Task brief
This exercise calls for the data below to be retyped exactly, minus any images.

*** Data shown

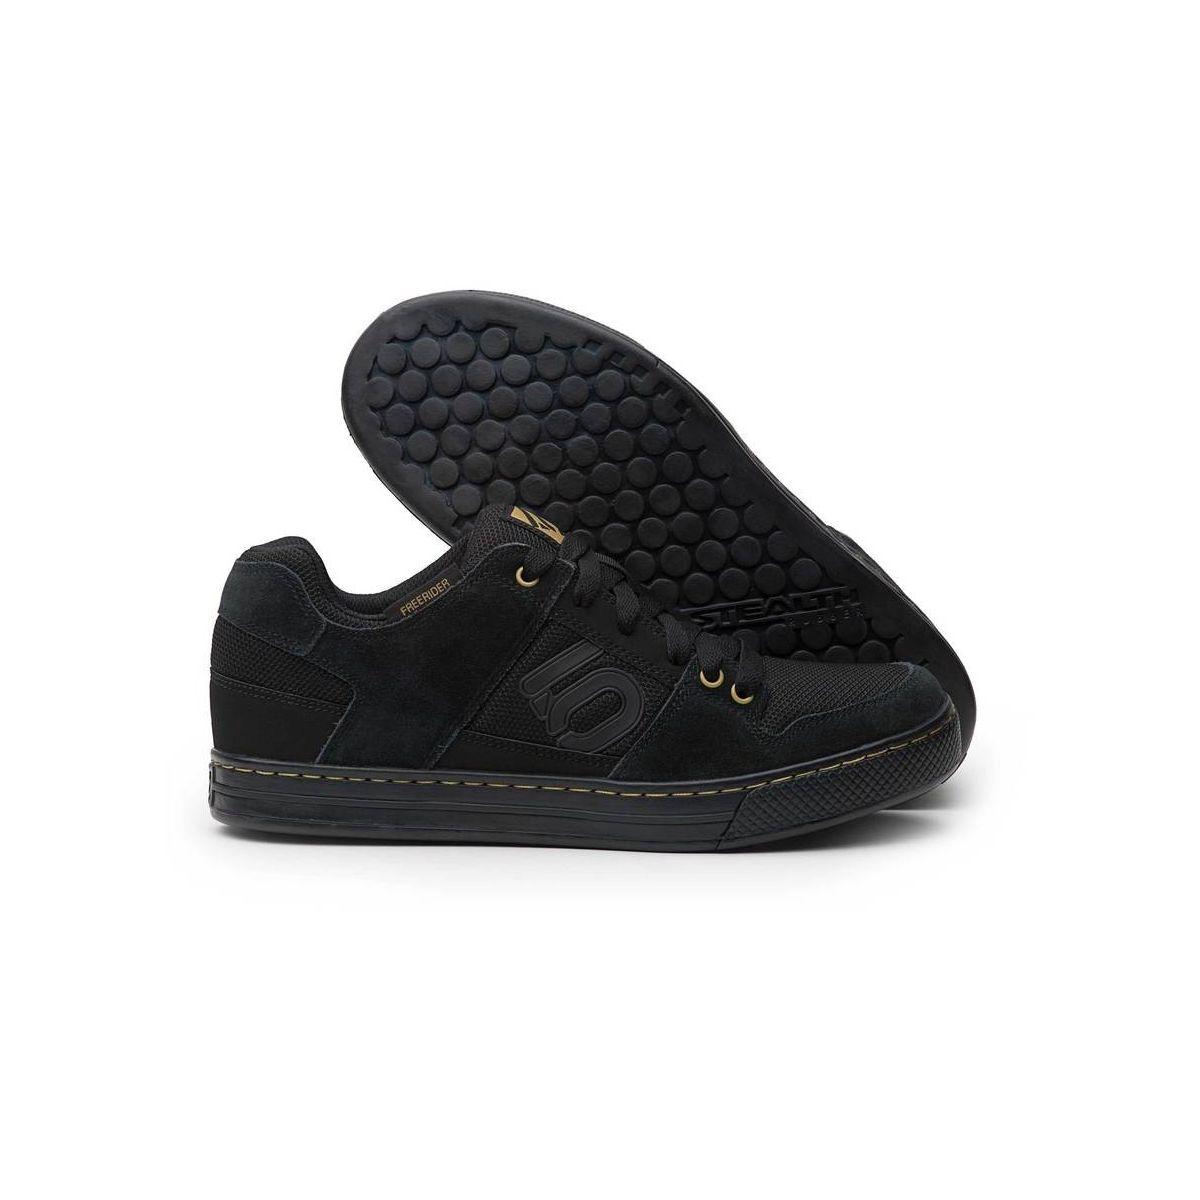 seleccione original en pies tiros de diseño de calidad Zapatillas Five Ten Freerider Black/KhakI 2018
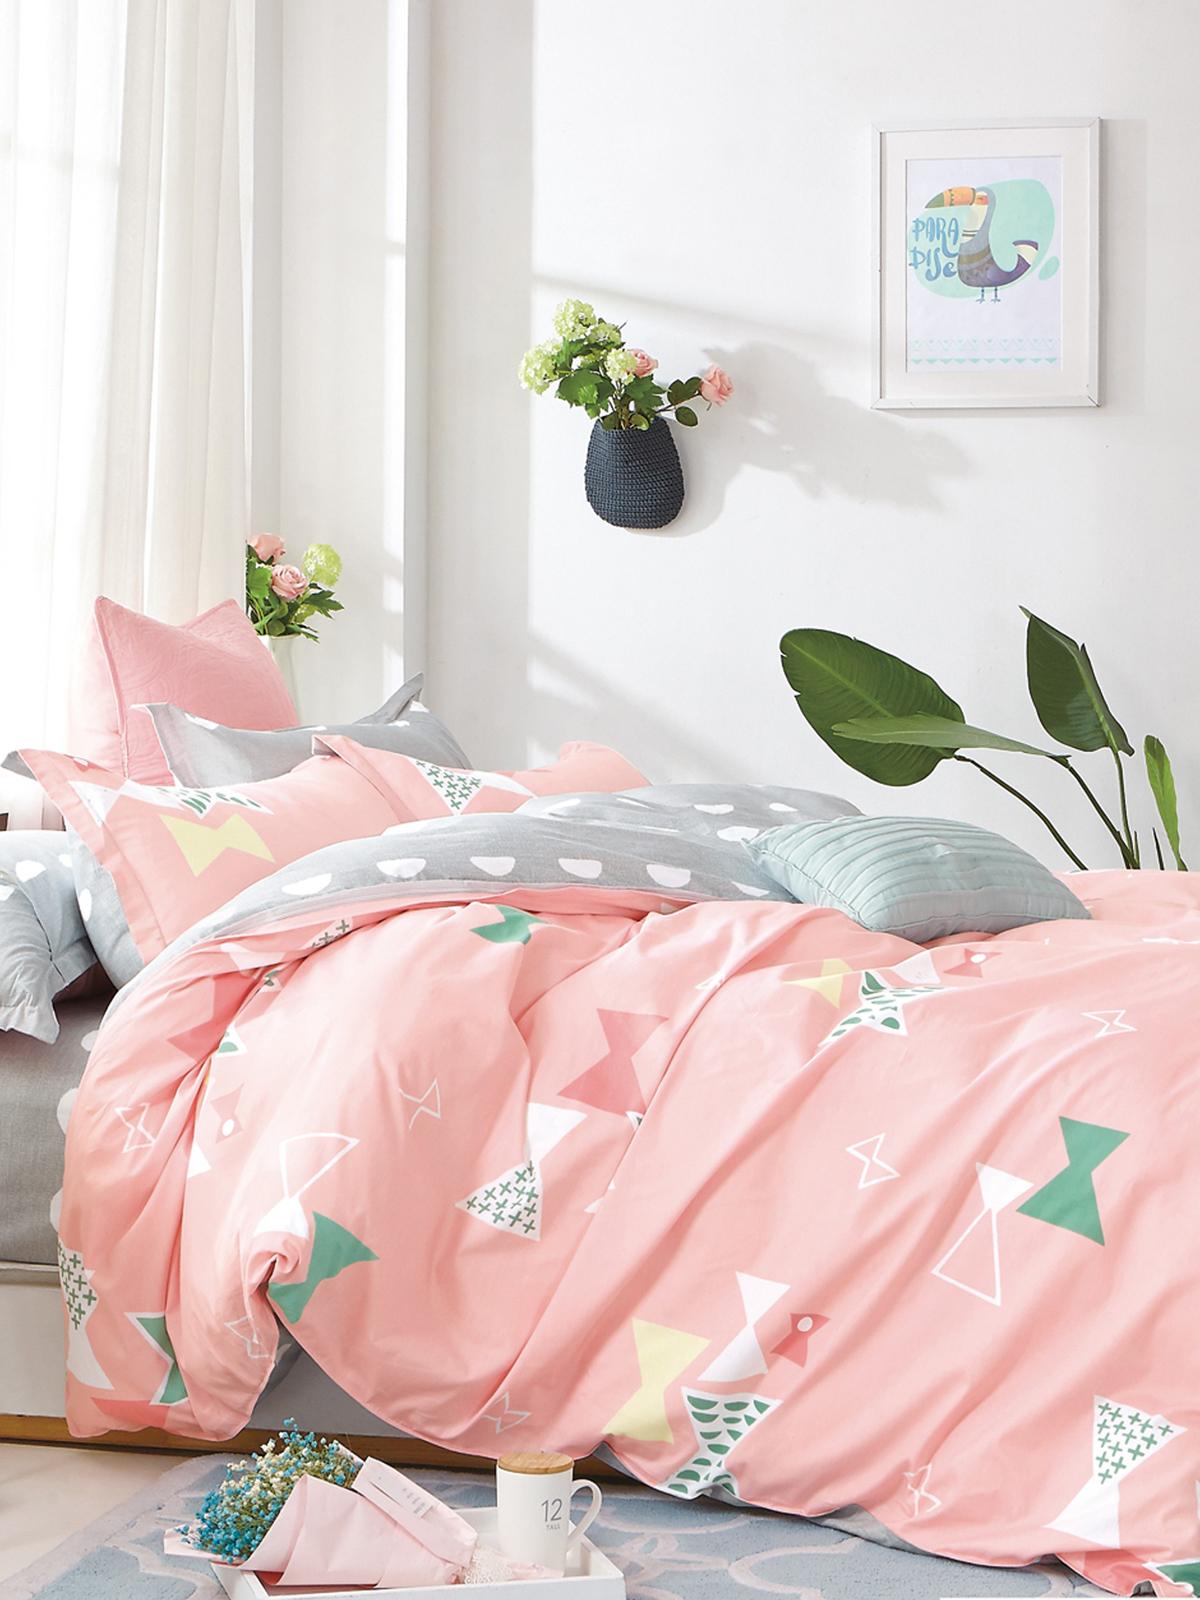 Комплект постельного белья Dream Time BLK-46-SP-419-1C постельное белье dream time blk 46 sp 337 1 2c 3 предмета
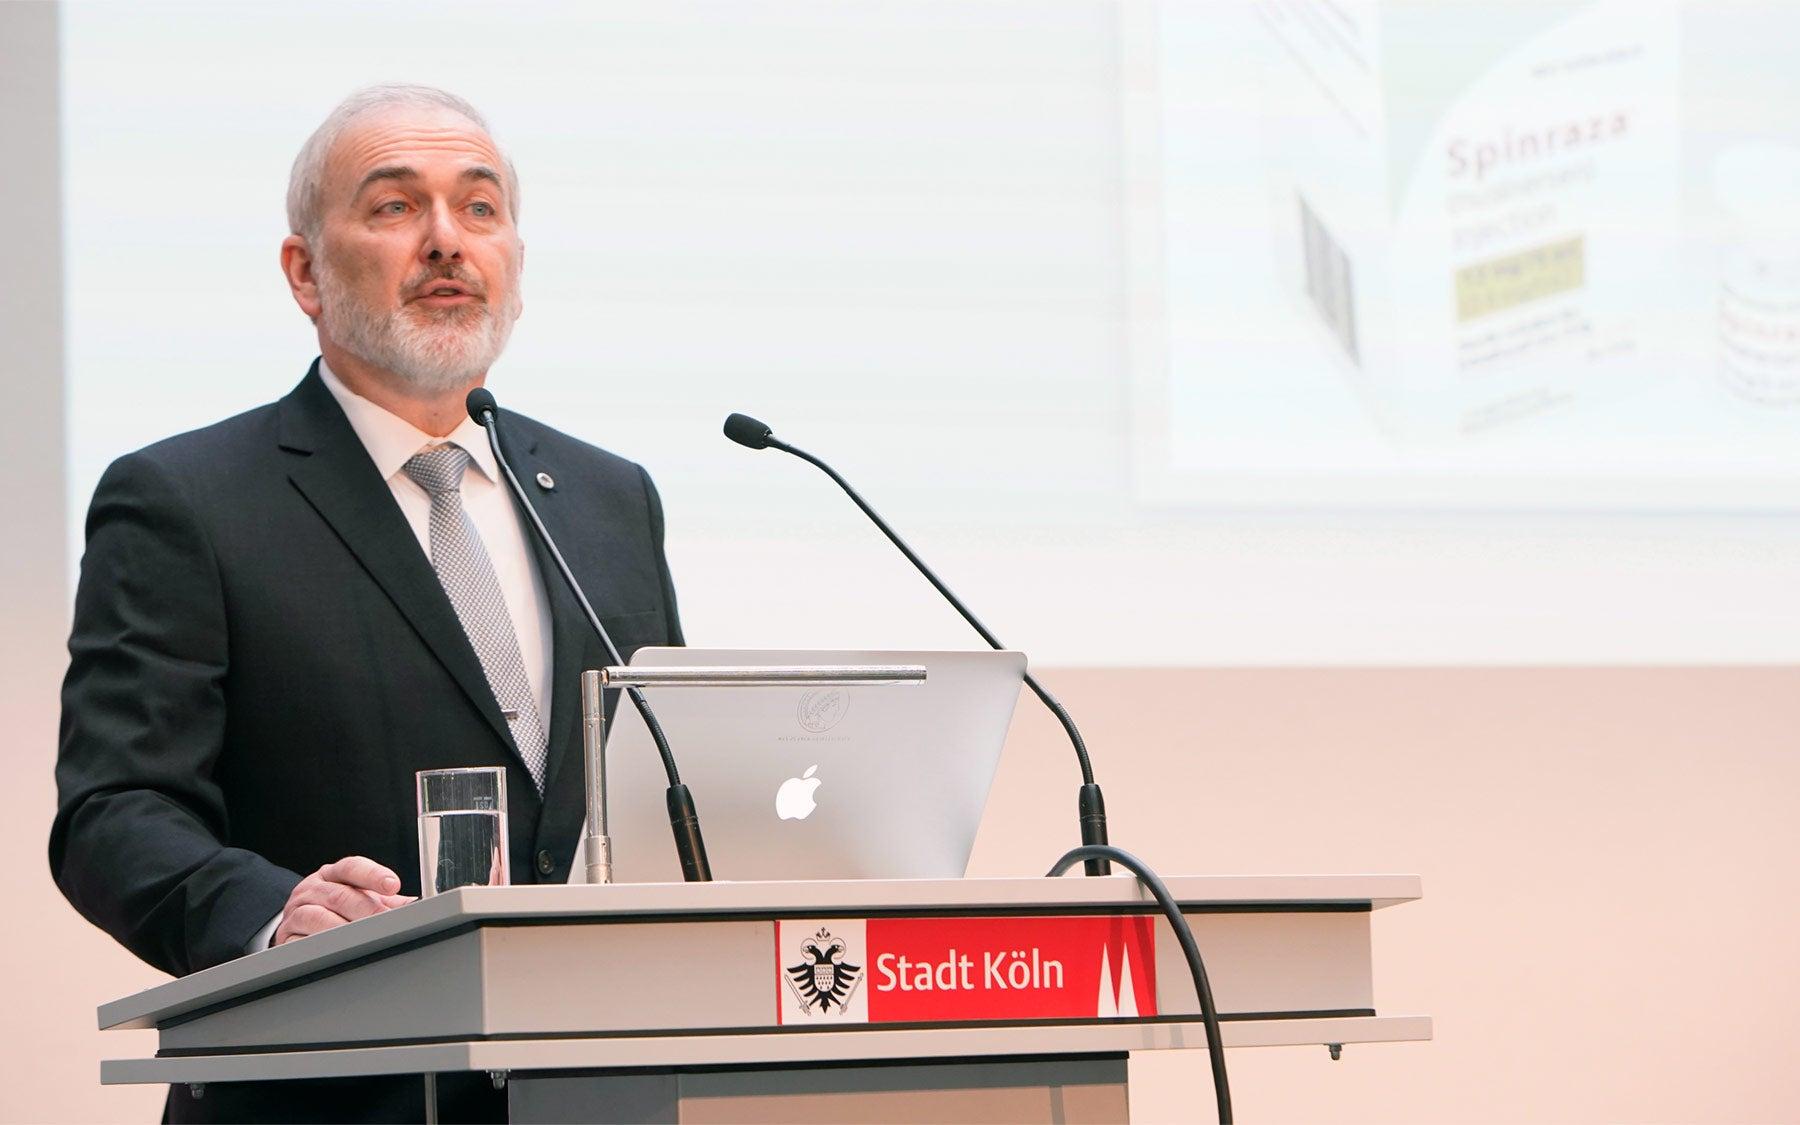 image of Zülch award winner Adrian Krainer

******

Answer section
 seleccione original en pies tiros de diseño de calidad Zapatillas Five Ten Freerider Black/KhakI 2018
 Комплект постельного белья Dream Time BLK-46-SP-419-1C постельное белье dream time blk 46 sp 337 1 2c 3 предмета
 image of Zülch award winner Adrian Krainer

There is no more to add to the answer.